The sizes of upper teeth from GFS are interesting, as ETMNH 6166 is similar in size to a dP4 specimen (UF 27479) in the sample of Eocoileus gentryorum from Florida (Table 1, Figure 7A) and smaller than Pliocene Bretzia pseudalces and Capreolus constantini, and modern Odocoileus other than O. pandora, O. virginianus clavum, and O. virginianus yucatanensis. In contrast, ETMNH 40000 is longer but narrower than M2 specimens of E. gentryorum from Florida (Figure 7B), comparable in size to modern and Pleistocene records of Odocoileus virginianus. The disparate sizes of these specimens may reflect sexual dimorphism or other forms of intraspecific variation in the sample of deer from GFS. Among the sample of O. virginianus studied here there is large variation in tooth size (Figure 7, Supplemental Table 3), greater than 25% among individuals (even when excluding O. virginianus clavium and O. virginianus yucatanensis). While ETMNH 40000 is relatively large, nearly as large as Pliocene Odocoileus brachyodontus (UMMP 28140) and early Pleistocene O. virginianus (UF 276885), the morphological features of the specimen are within the range of variation of known specimens of E. gentryorum and support assignment to that species rather than some other cervid taxon.

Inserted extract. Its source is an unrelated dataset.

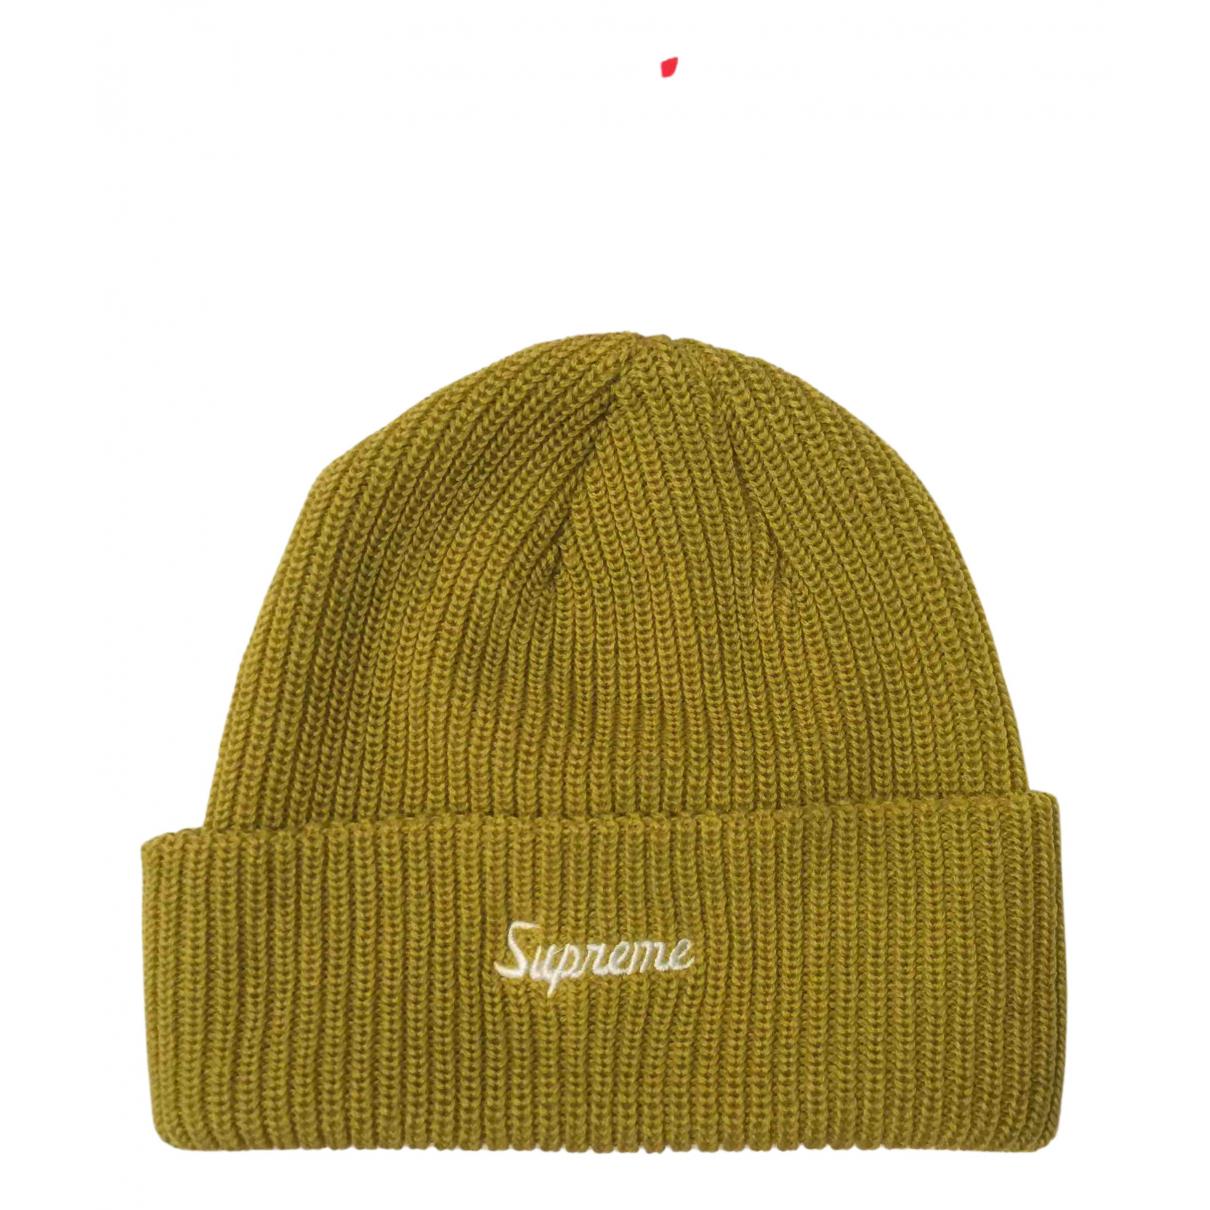 Supreme \N Hut, Muetzen in  Gelb Wolle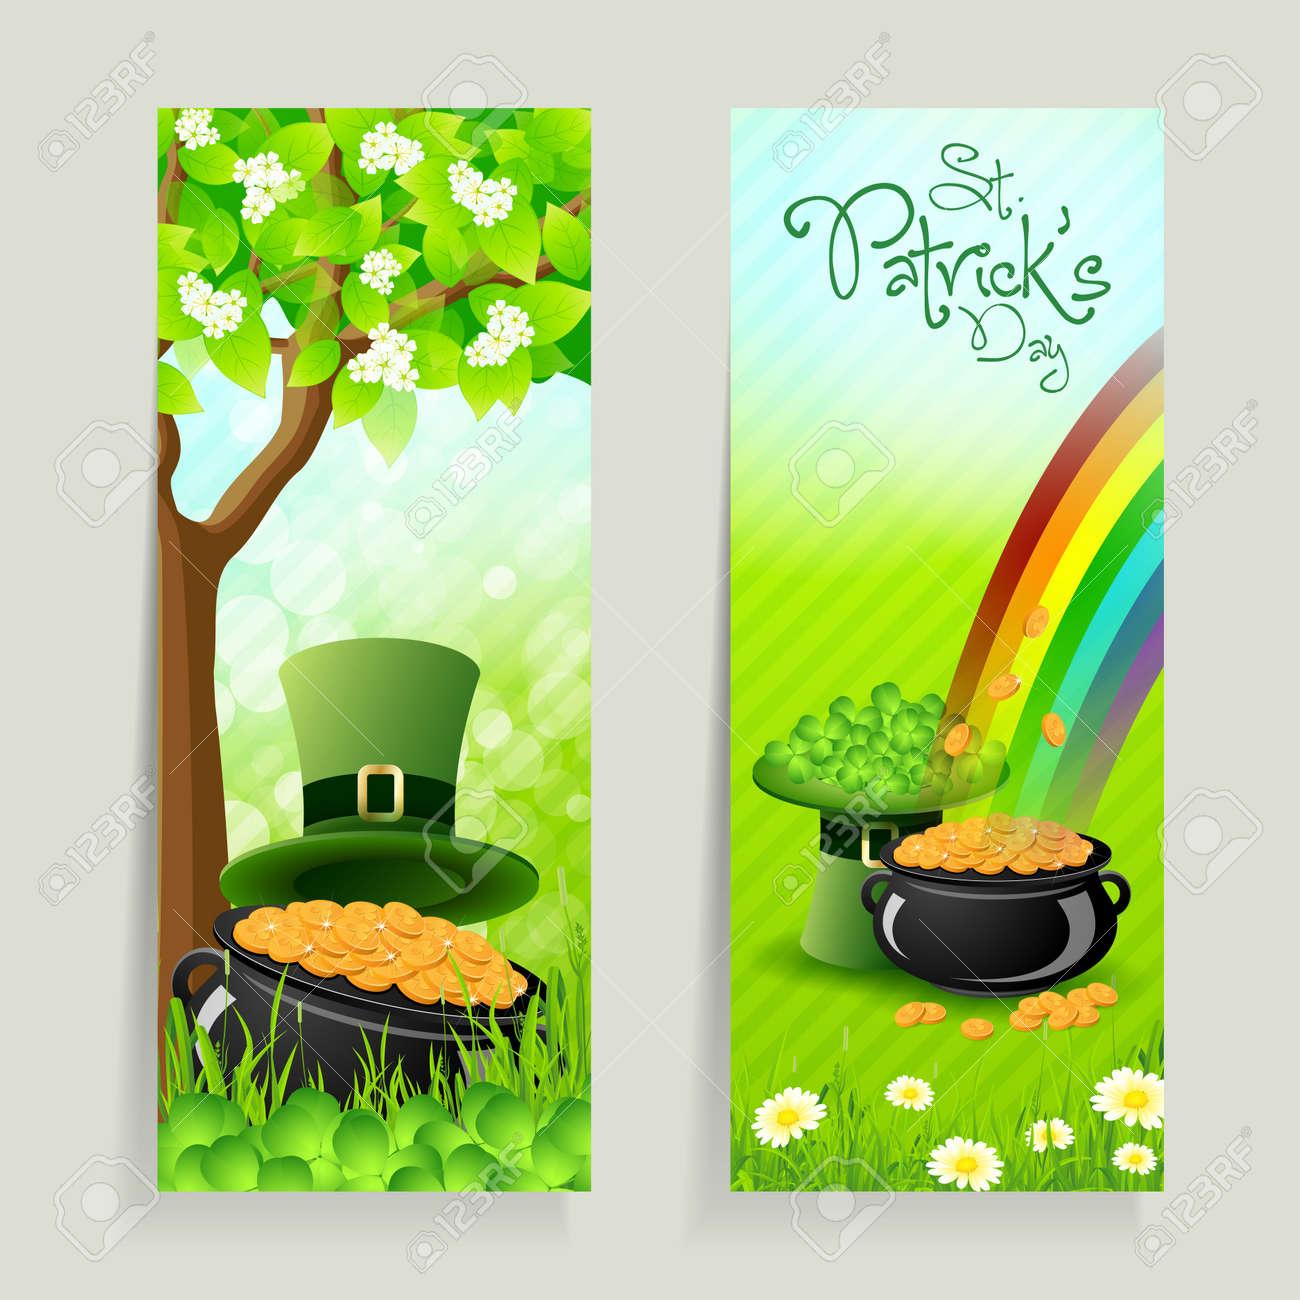 tarjetas de san patricio

The right humerus from GFS, ETMNH 10559, is very similar in size to specimens of Eocoileus gentryorum from Florida (Table 2, Figure 8), but far smaller than Pliocene records of Odocoileus brachyodontus, Capreolus constantini, and Bretzia pseudalces and modern O. virginianus and O. hemionus. The structure of the distal articulation of ETMNH 10559 is typical of cervids (Figure 4), with the medial trochlea substantially mediolaterally broader than the lateral capitulum. The lateral epicondyle and supracondylar ridge of ETMNH 10559 are relatively prominent in comparison to extant Odocoileus, which is also true of late Pliocene O. brachyodontus (USNM 299483) from the Hagerman local fauna of Idaho (Figure 4). Similarly, the medial projection associated with the origin of the flexor muscle complex is prominent in ETMNH 10559, O. brachyodontus USNM 299483, and some extant O. virginianus, much more so than in studied specimens of Eocoileus gentryorum from Florida or B. pseudalces (Gustafson, 2015). The medial caudal protuberance is large in ETMNH 10559, similar to that of O. virginianus (Jacobson, 2003) and larger than in O. hemionus.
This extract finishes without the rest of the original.